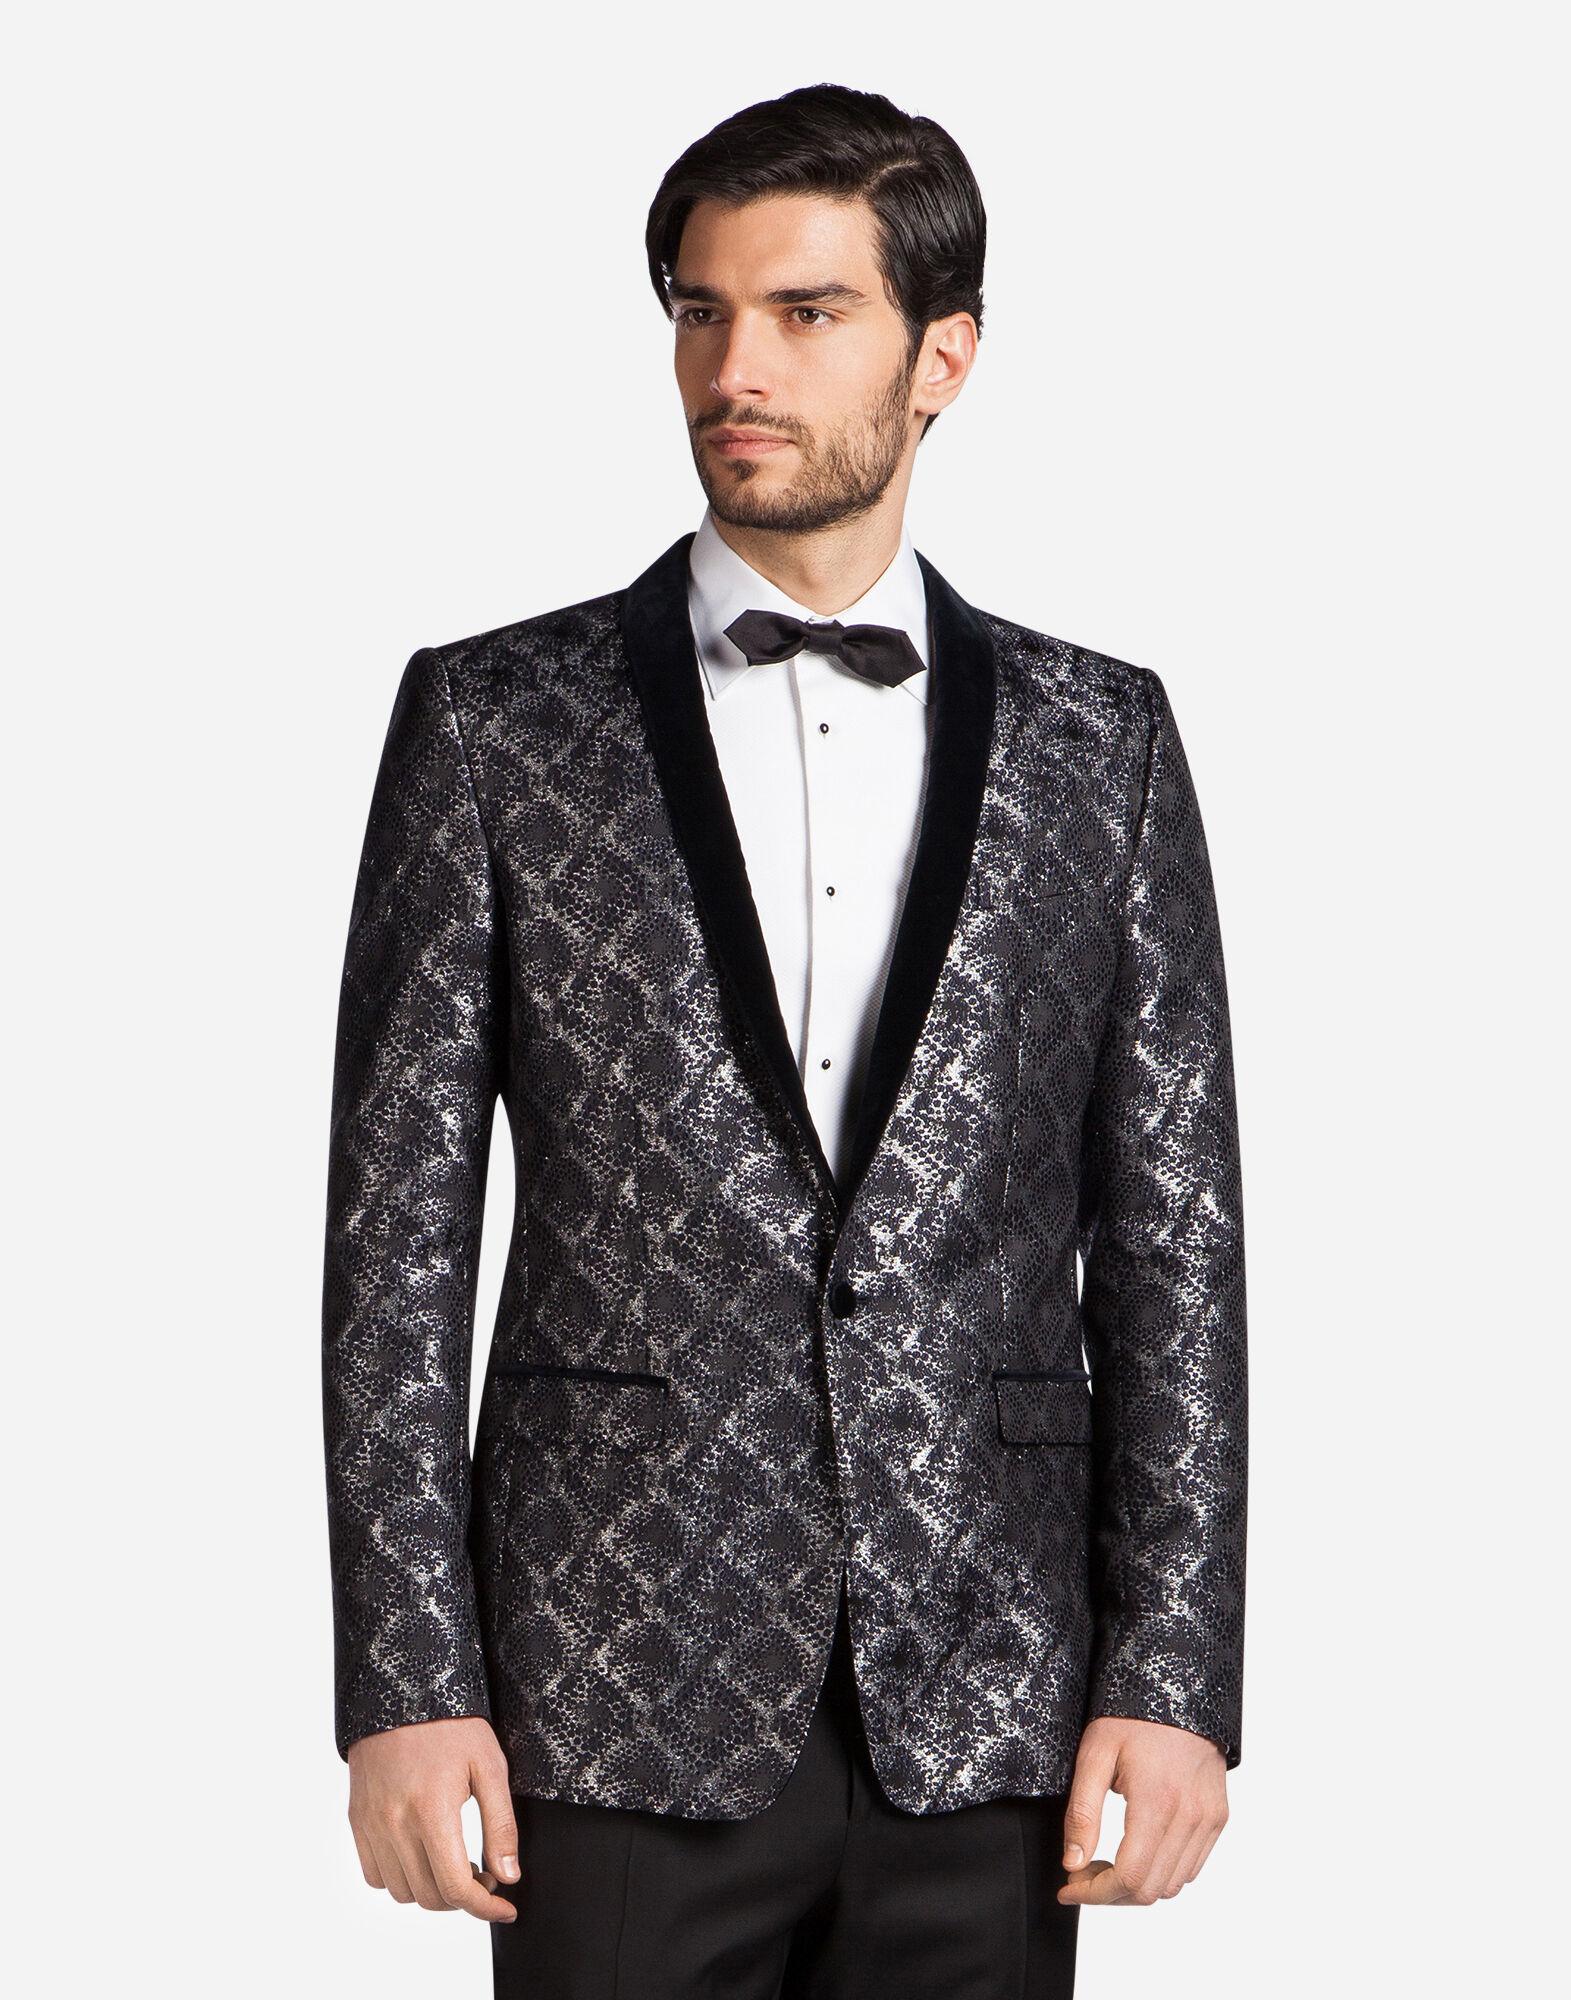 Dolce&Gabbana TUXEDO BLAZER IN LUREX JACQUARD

* * *

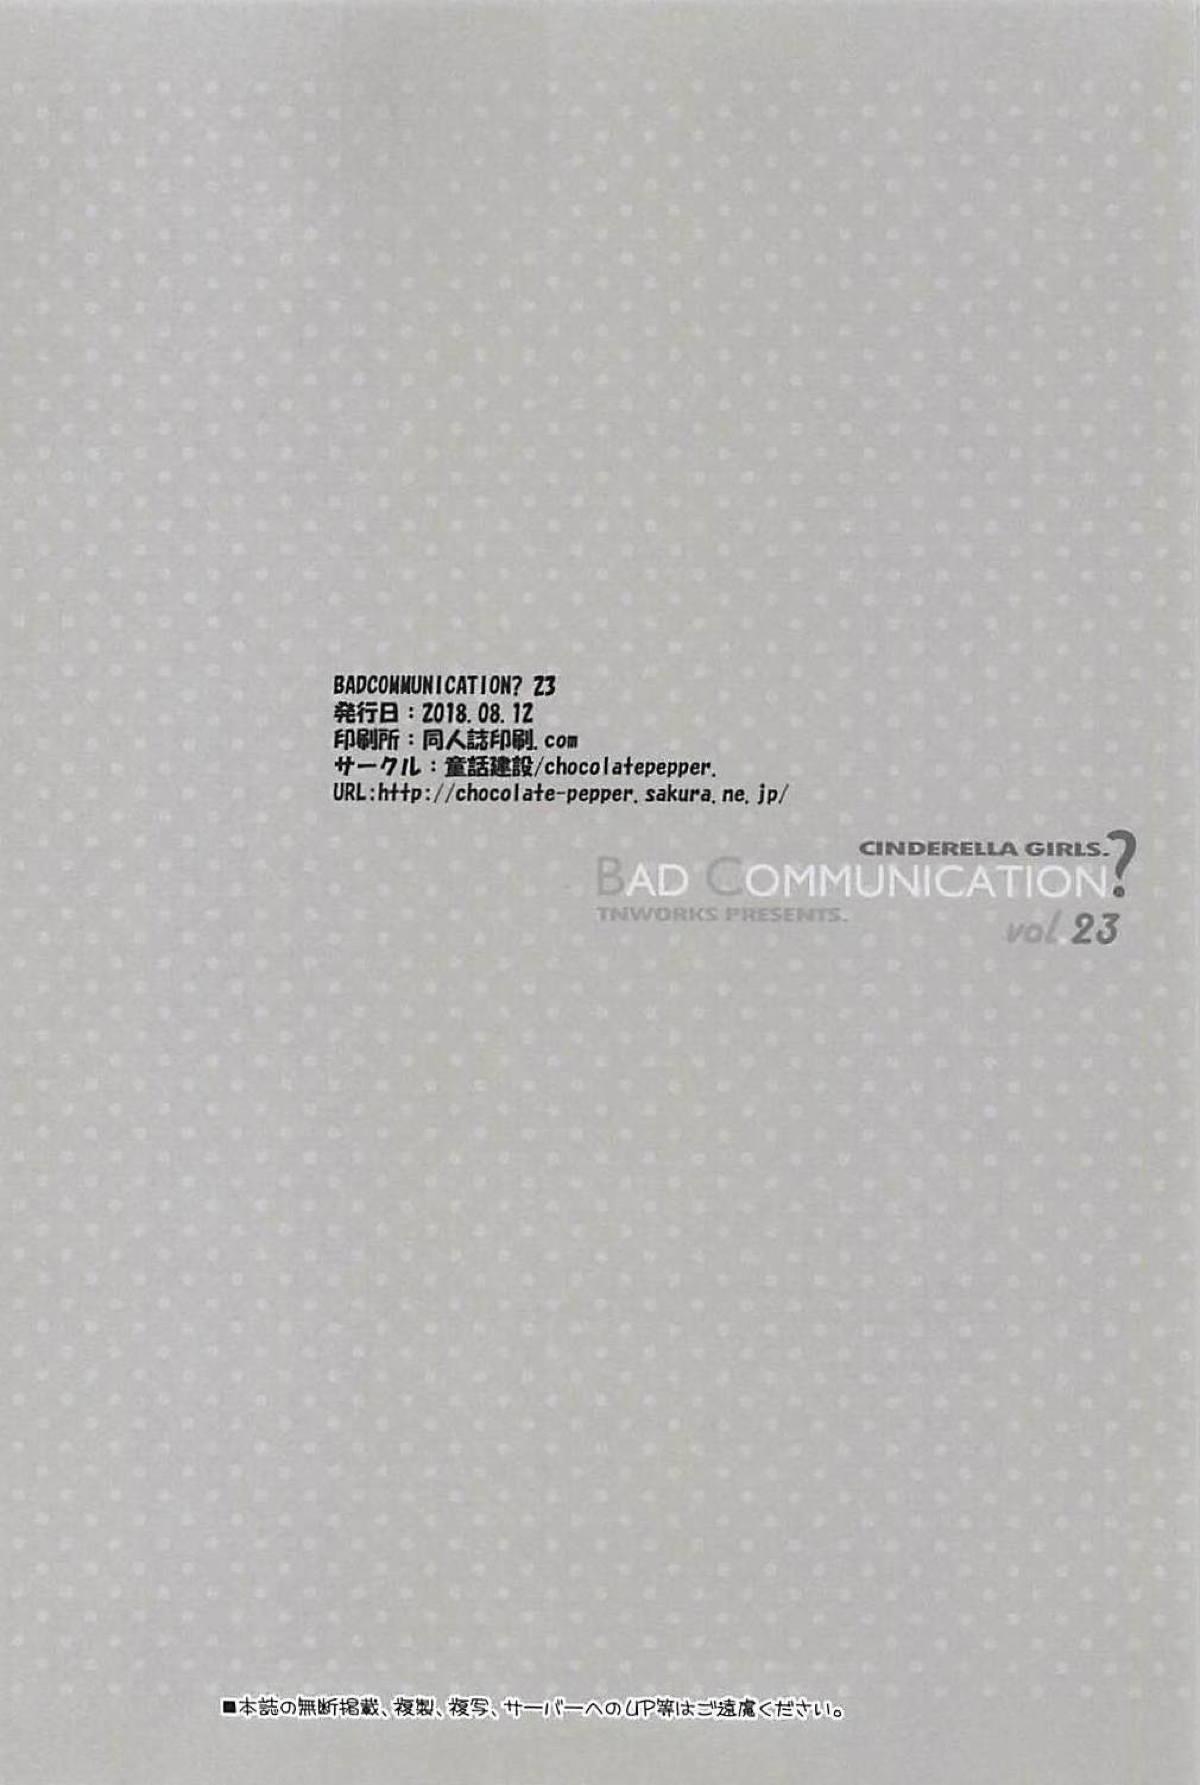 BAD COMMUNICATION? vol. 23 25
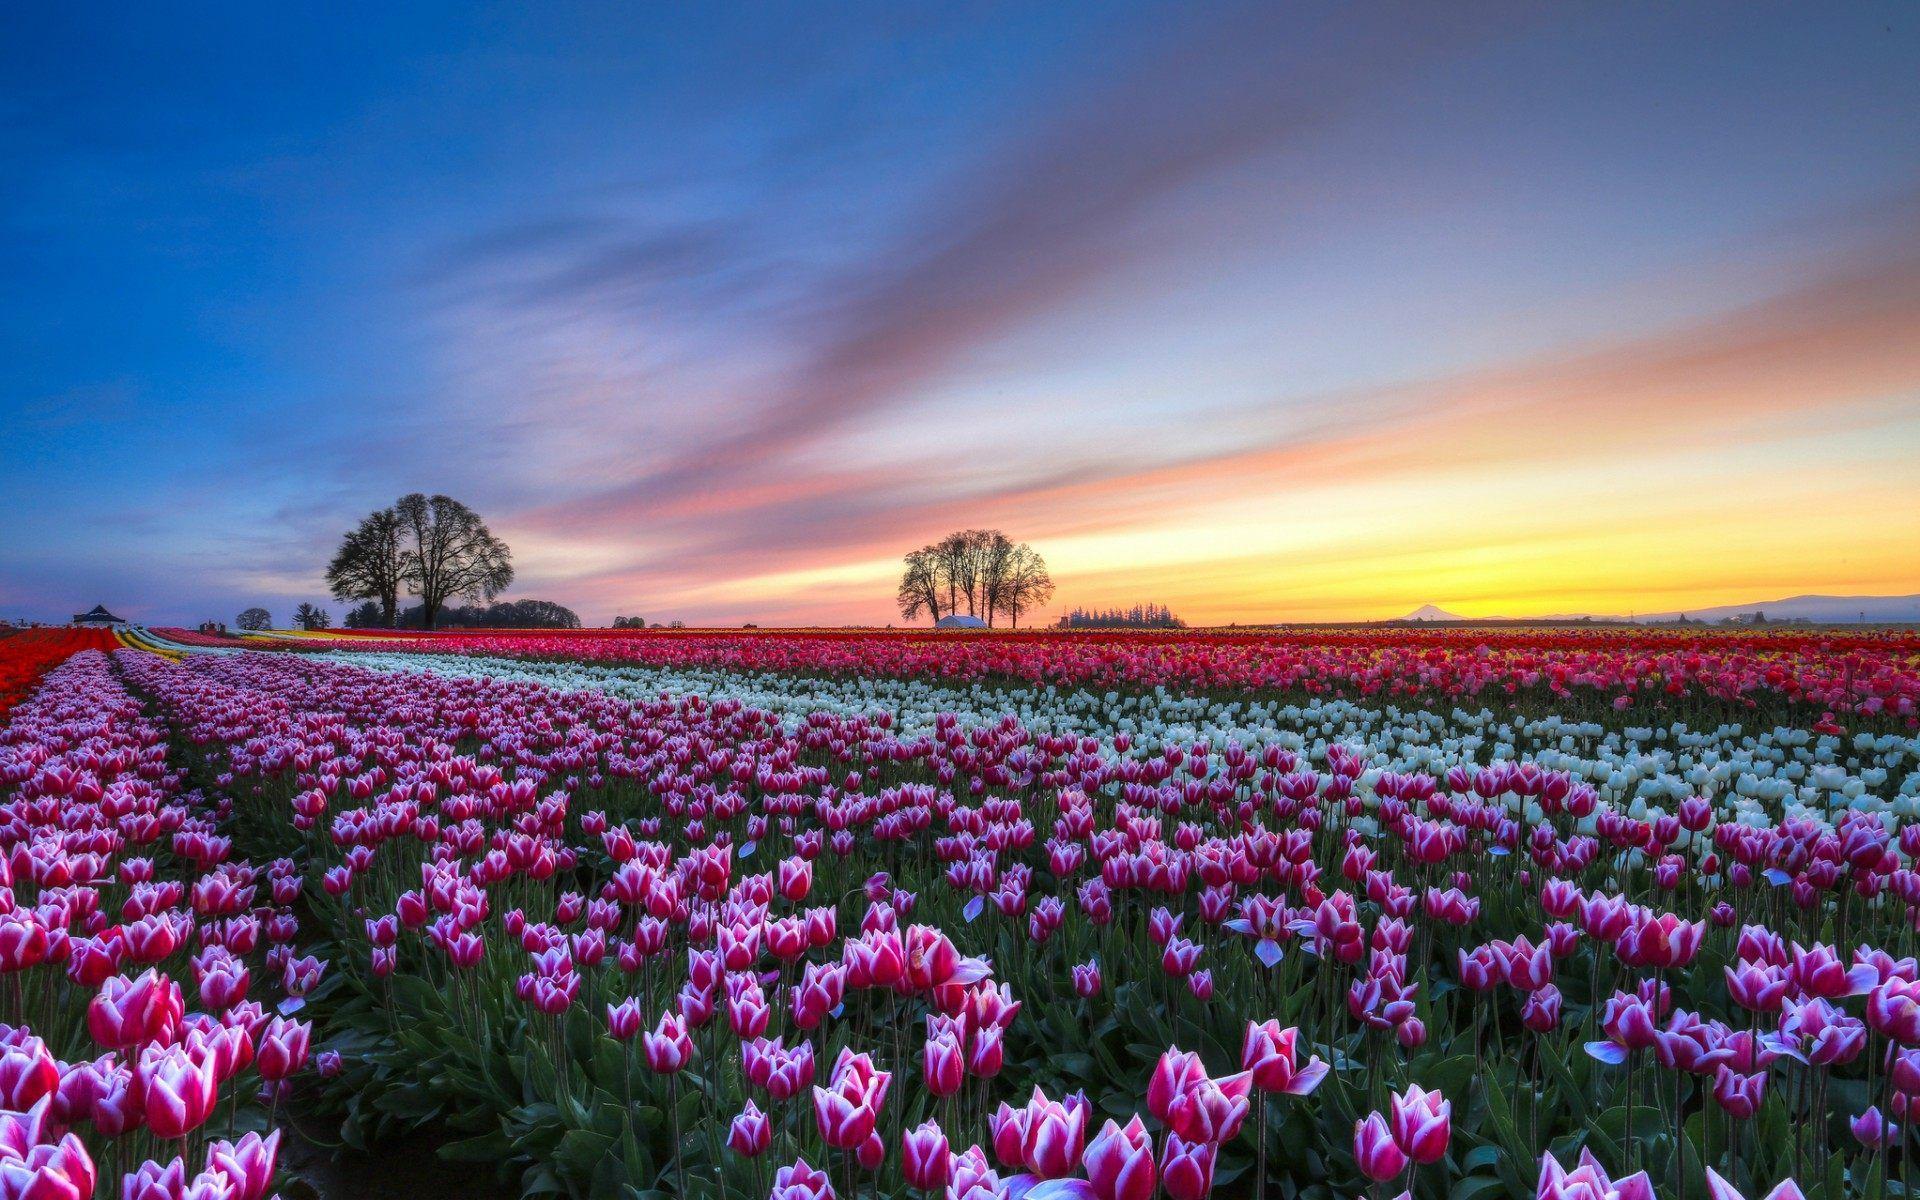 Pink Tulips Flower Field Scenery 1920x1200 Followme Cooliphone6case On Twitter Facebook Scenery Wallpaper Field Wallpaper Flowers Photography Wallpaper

- [The problem]:
What should come back is an exact copy of the lines above from the line with "BAD COMMUNICATION? vol. 23 25" to the line with "Pink Tulips Flower", both included, minus the pictures.

- [Answer space]:
 BAD COMMUNICATION? vol. 23 25
 Pink Tulips Flower Field Scenery 1920x1200 Followme Cooliphone6case On Twitter Facebook Scenery Wallpaper Field Wallpaper Flowers Photography Wallpaper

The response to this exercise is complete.